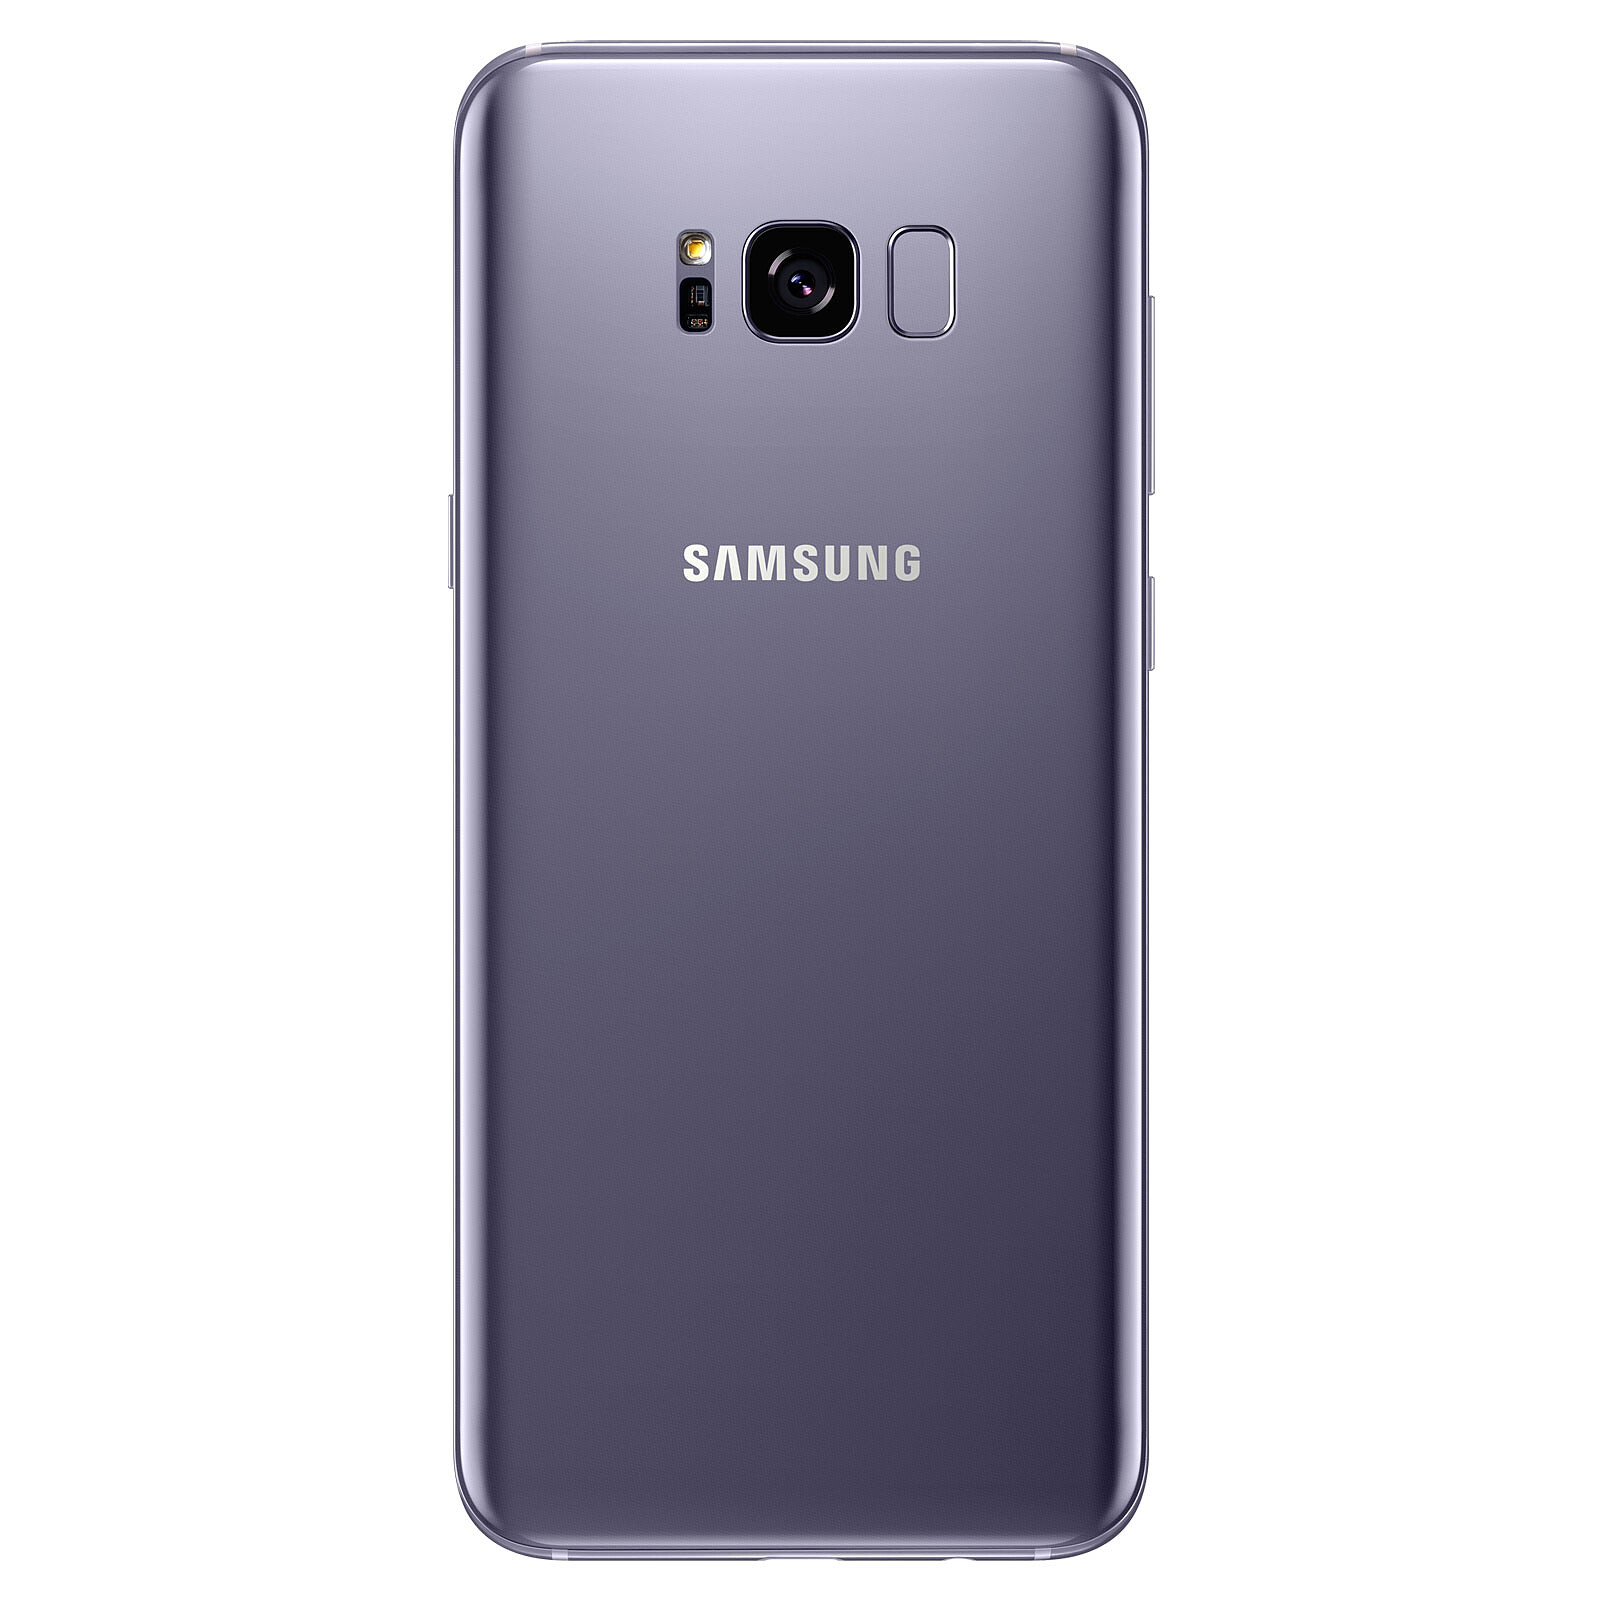 Samsung Galaxy S8 Gray
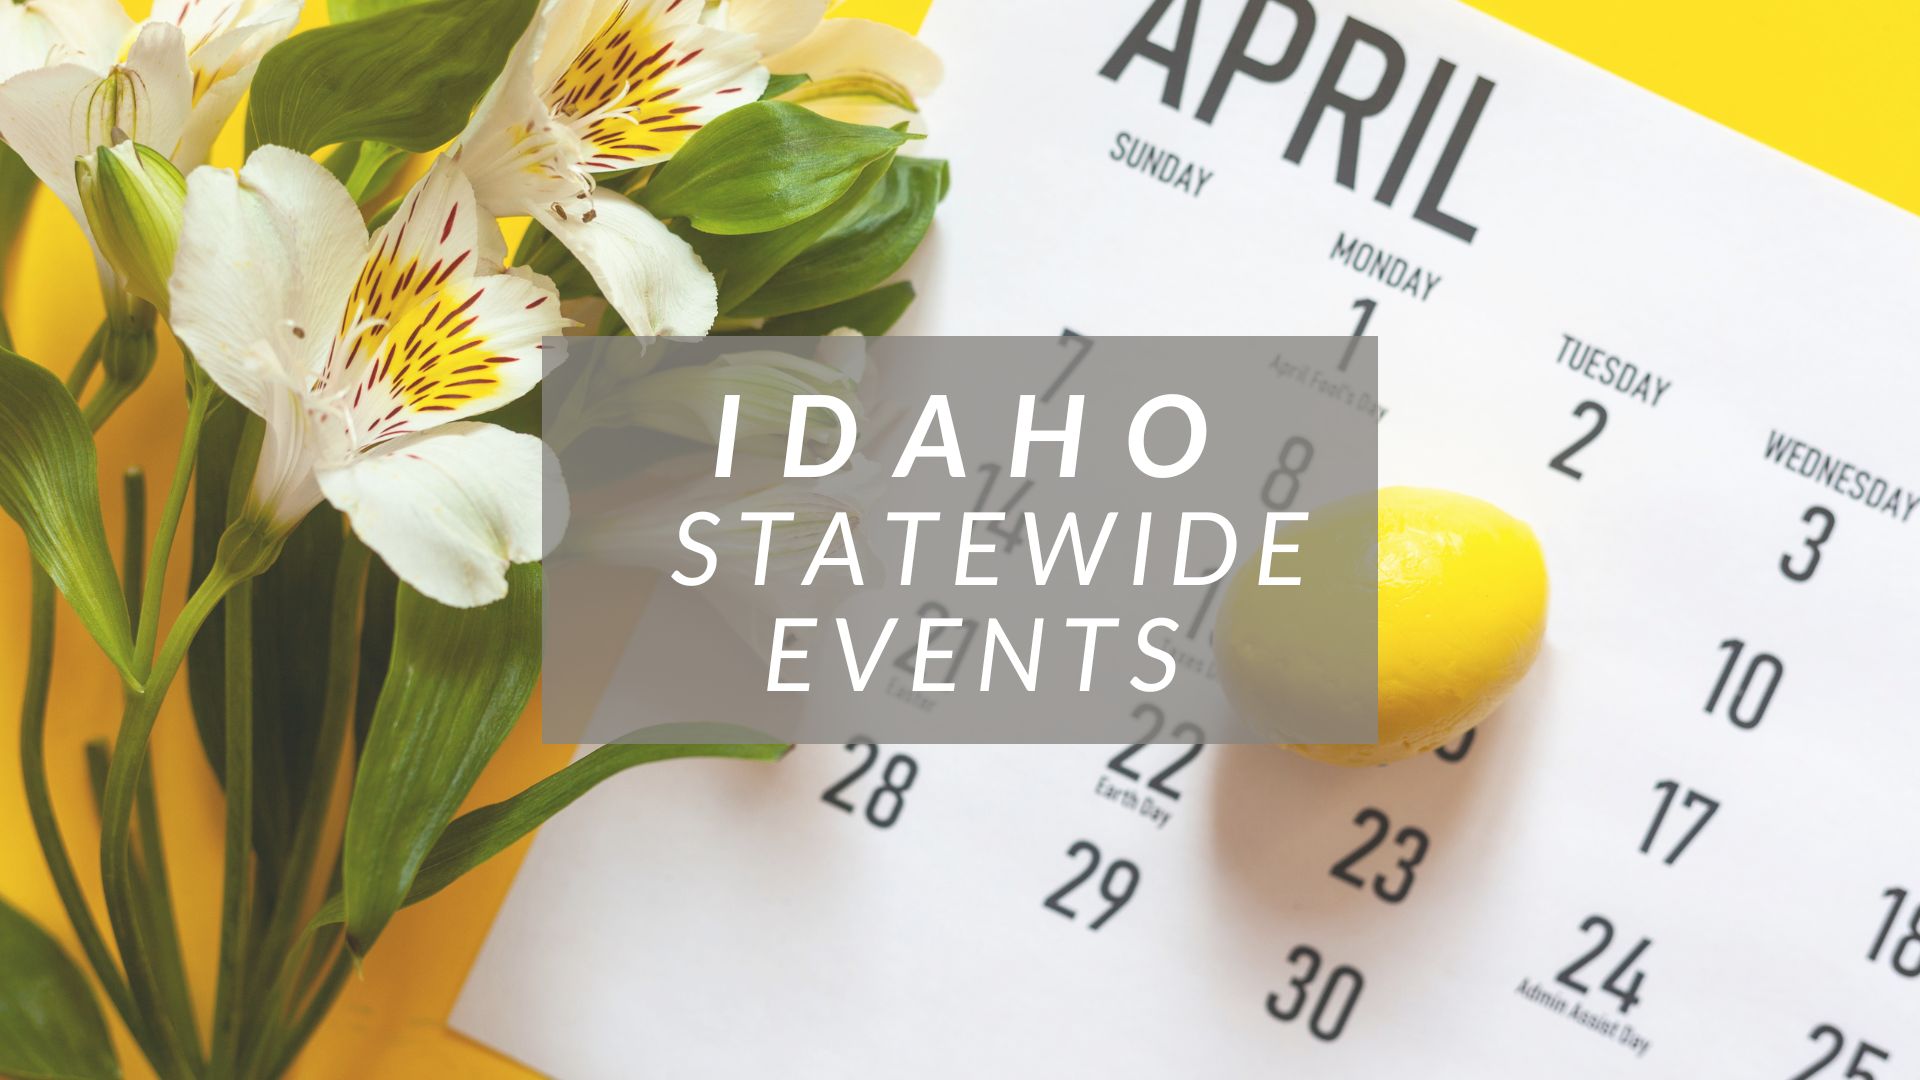 April Events Calendar
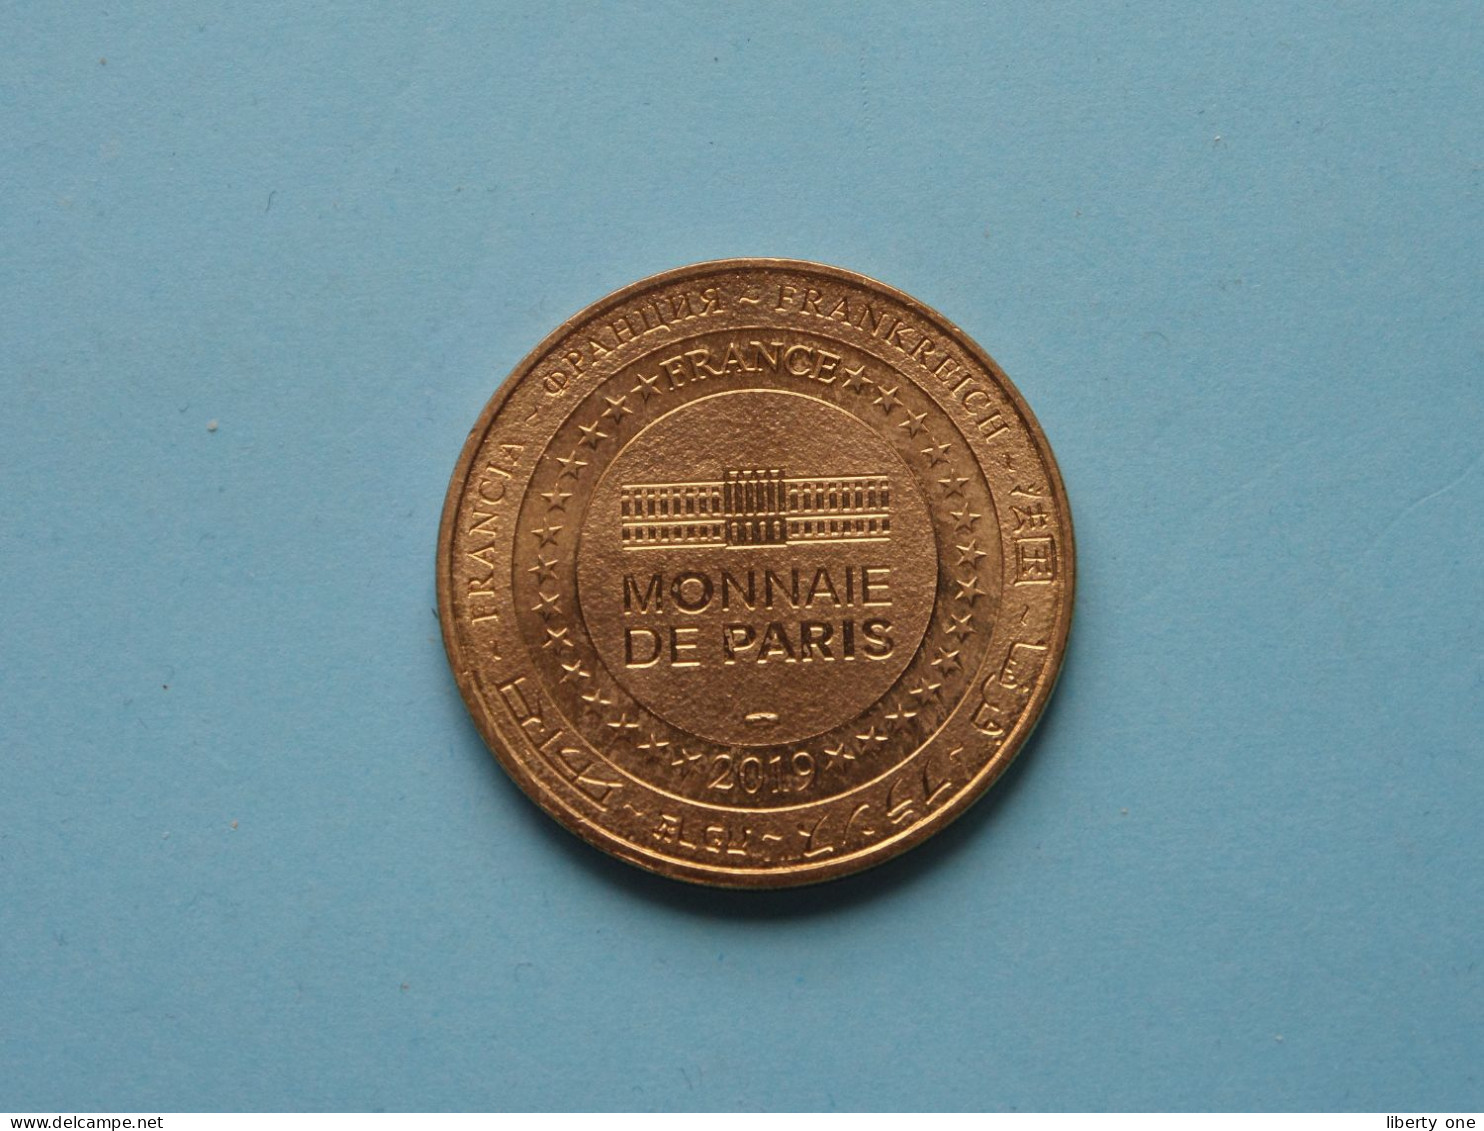 ORADOUR-SUR-GLANE Centre De La MEMOIRE 10 Juin 1944 ( 15,9 Gram / 3,5 Cm.) Monnaie De PARIS - 2019 ! - 2019

**Exercise brief:**
Give back each line above exactly, with pictures dropped.

**Answer to this problem:**
 Samsung Galaxy S8 Gray
 April Events Calendar
 ORADOUR-SUR-GLANE Centre De La MEMOIRE 10 Juin 1944 ( 15,9 Gram / 3,5 Cm.) Monnaie De PARIS - 2019 ! - 2019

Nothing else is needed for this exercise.